• _Work required_
The reply should contain all the data below, repeated exactly, and none of the images.

• _Collected data_
______

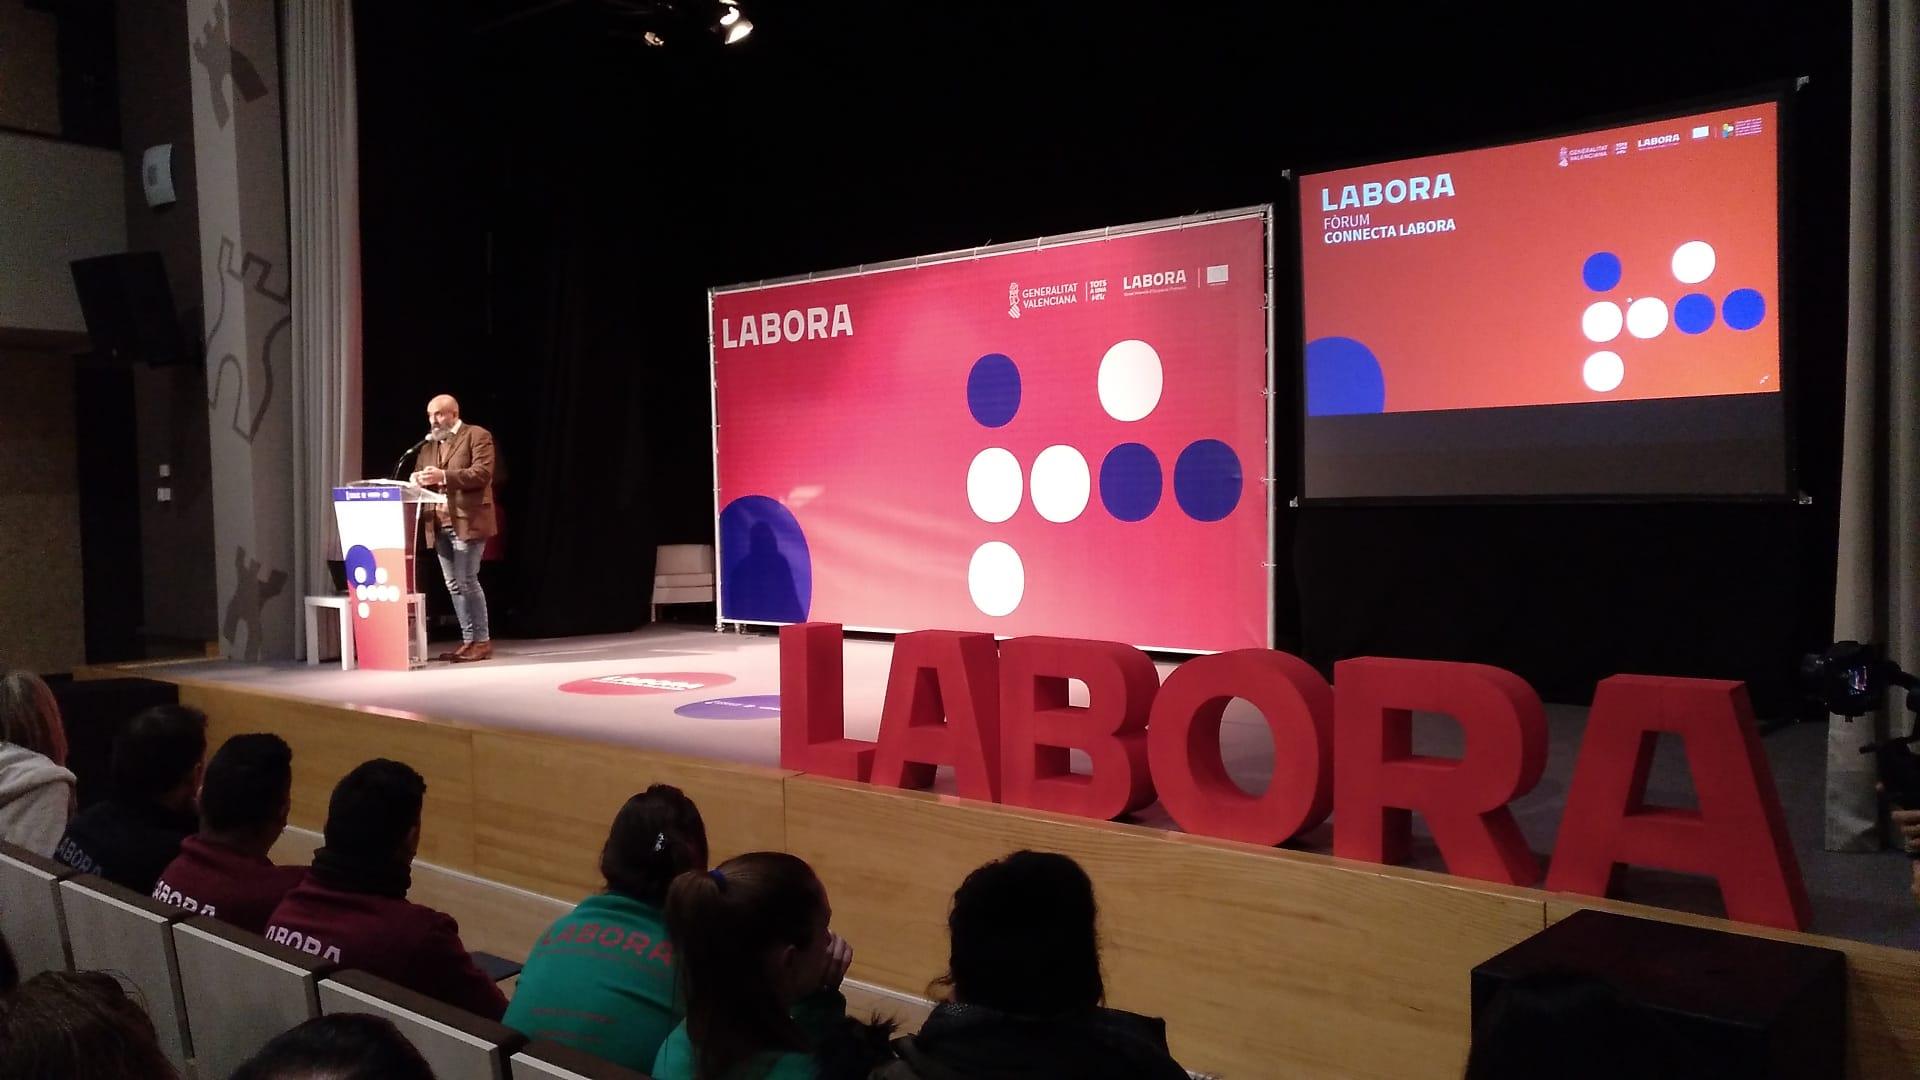 """Més de 600 persones desocupades participen en l""""I Fòrum Connecta Labora celebrat a Almassora"""
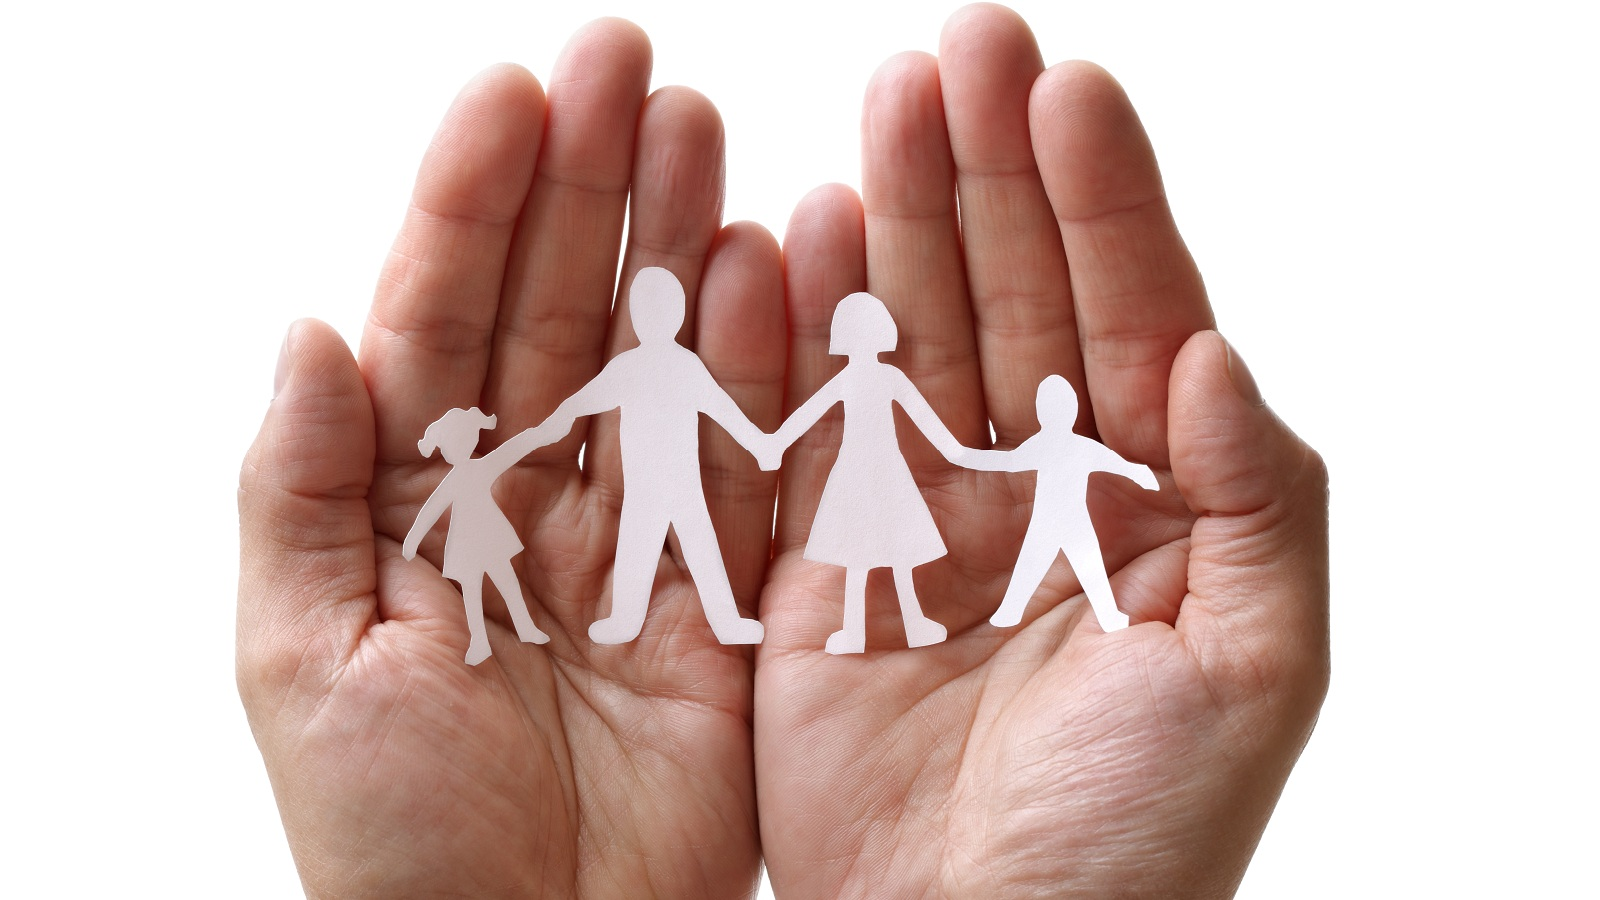 » Έγκλημα » σε βάρος αθώων και ανυπεράσπιστων παιδιών!
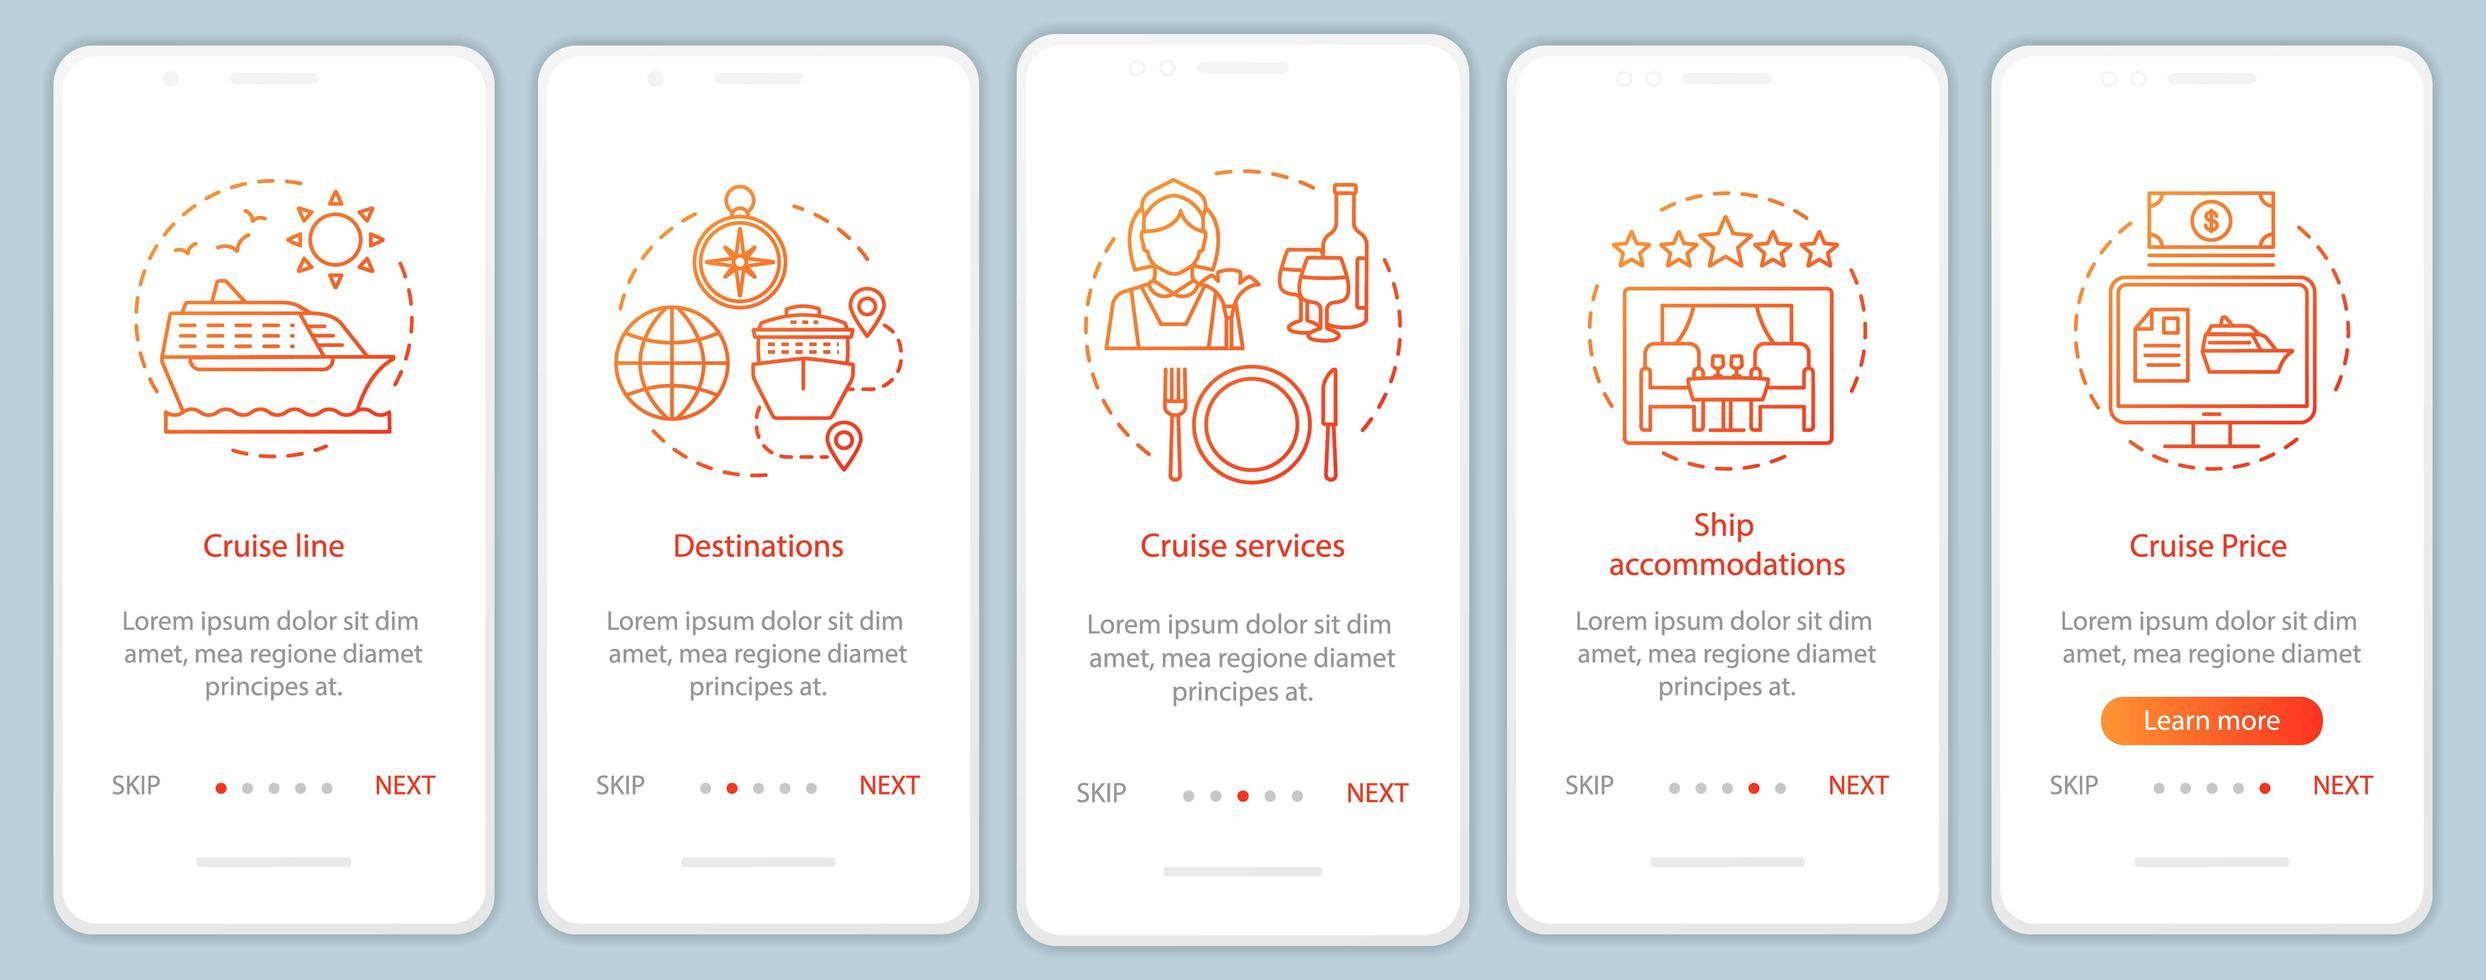 page de l'application mobile d'accueil des informations de croisière vecteur

______

• _Completed task_
 """Més de 600 persones desocupades participen en l""""I Fòrum Connecta Labora celebrat a Almassora"""
 » Έγκλημα » σε βάρος αθώων και ανυπεράσπιστων παιδιών!
 page de l'application mobile d'accueil des informations de croisière vecteur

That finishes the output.